• **Task prompt**: Retype exactly what appears below from the line containing "Calça jeans feminina" down to the line containing "Uniqlo Womens Orange", keeping both end lines. Do not include pictures.

• **Source records**:

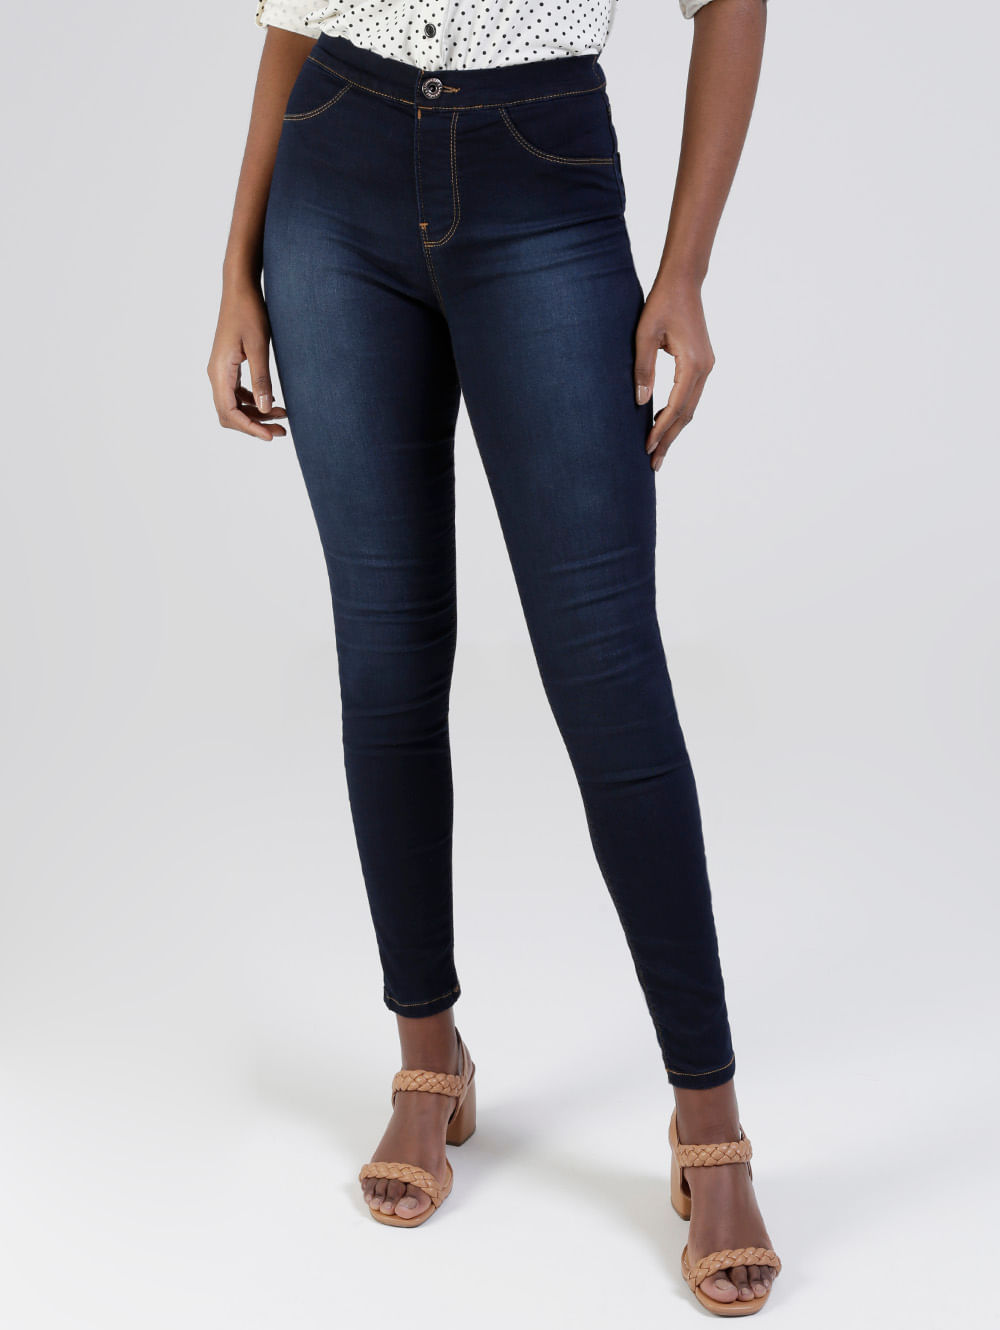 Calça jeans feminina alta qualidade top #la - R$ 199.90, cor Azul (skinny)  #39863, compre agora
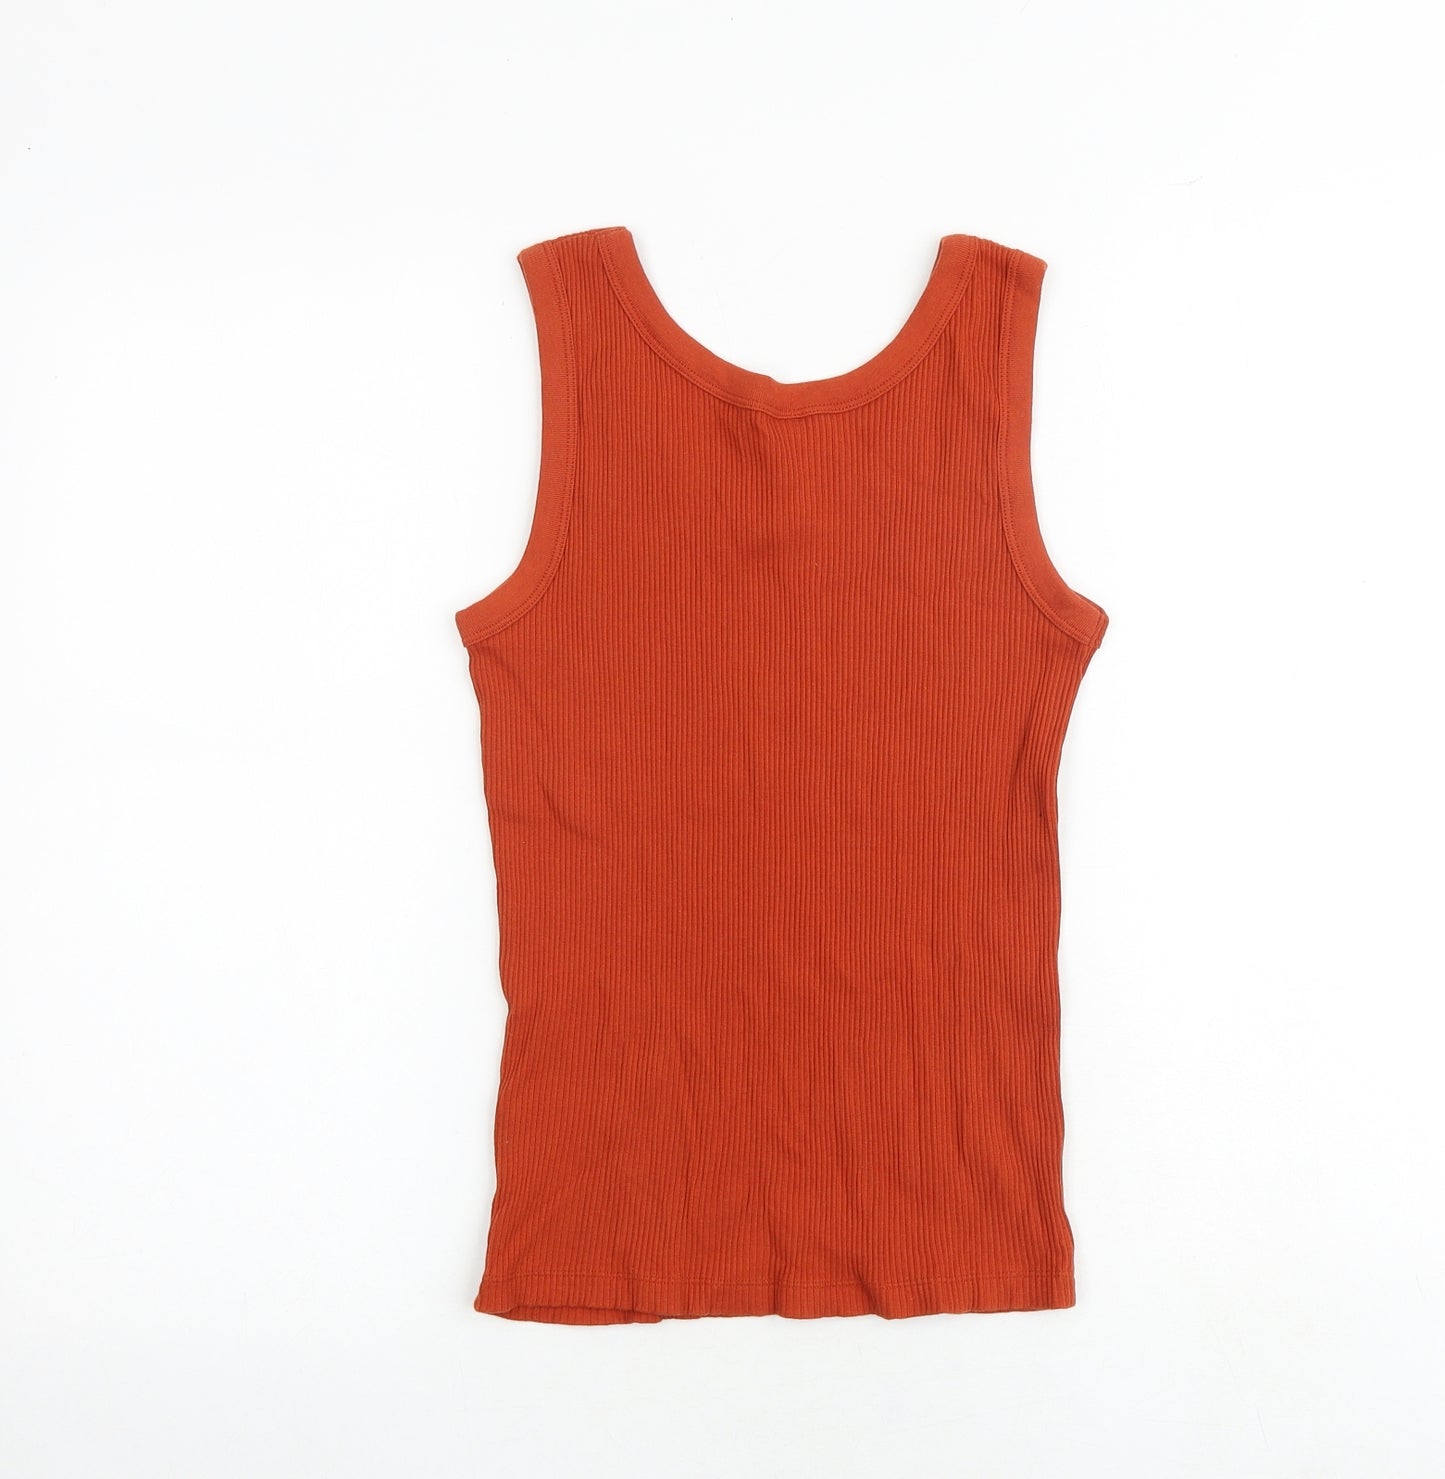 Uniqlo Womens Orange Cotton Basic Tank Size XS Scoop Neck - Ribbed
---
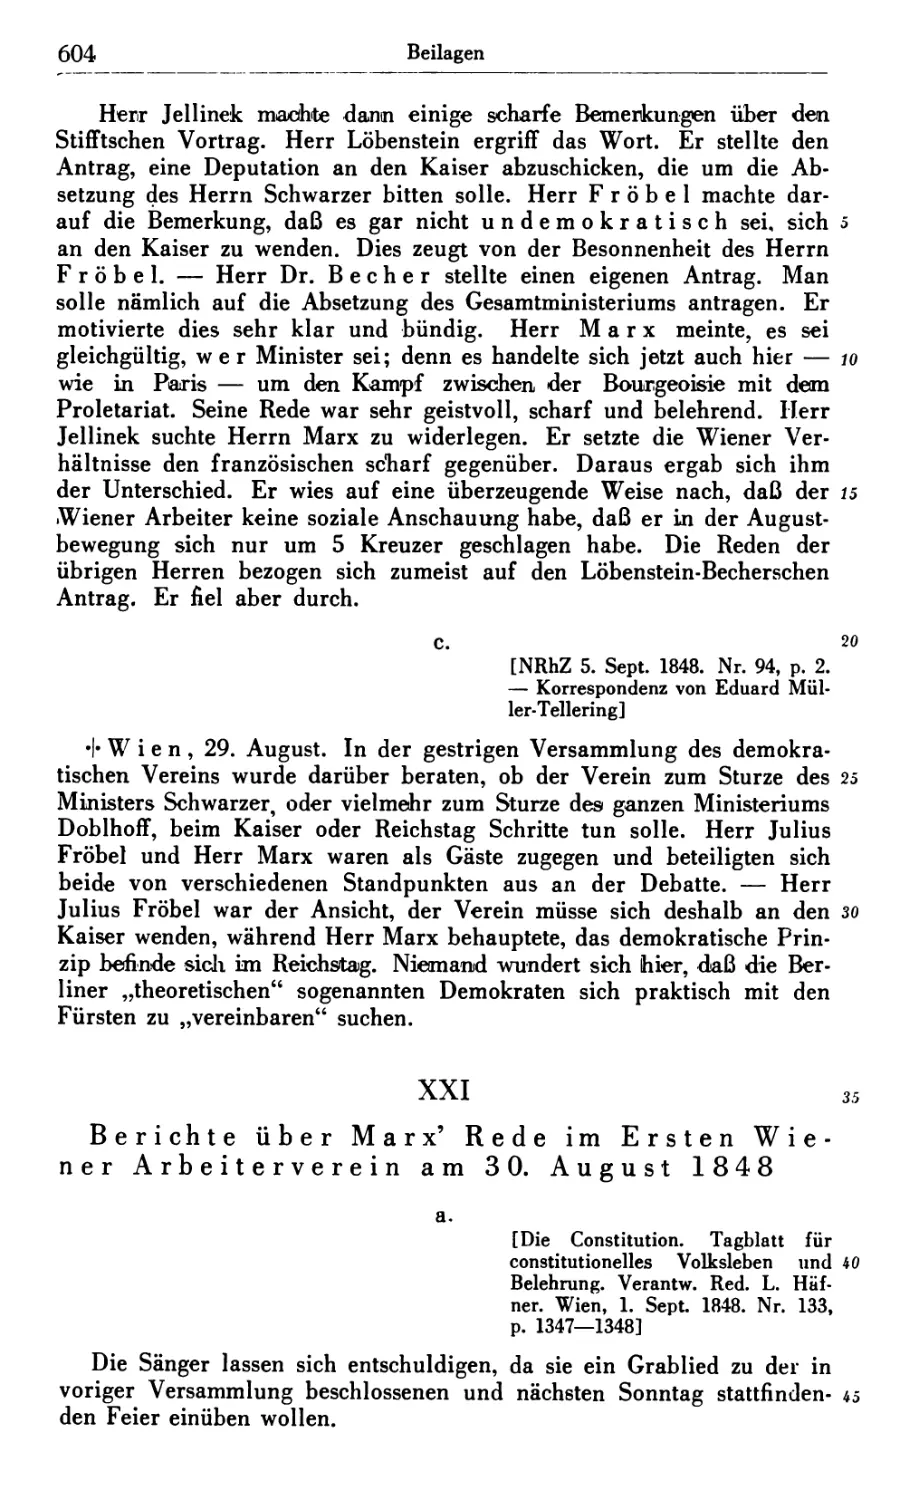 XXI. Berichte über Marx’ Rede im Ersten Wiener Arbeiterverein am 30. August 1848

• **Result for this exercise**:
 Calça jeans feminina alta qualidade top #la - R$ 199.90, cor Azul (skinny)  #39863, compre agora
 Uniqlo Womens Orange Cotton Basic Tank Size XS Scoop Neck - Ribbed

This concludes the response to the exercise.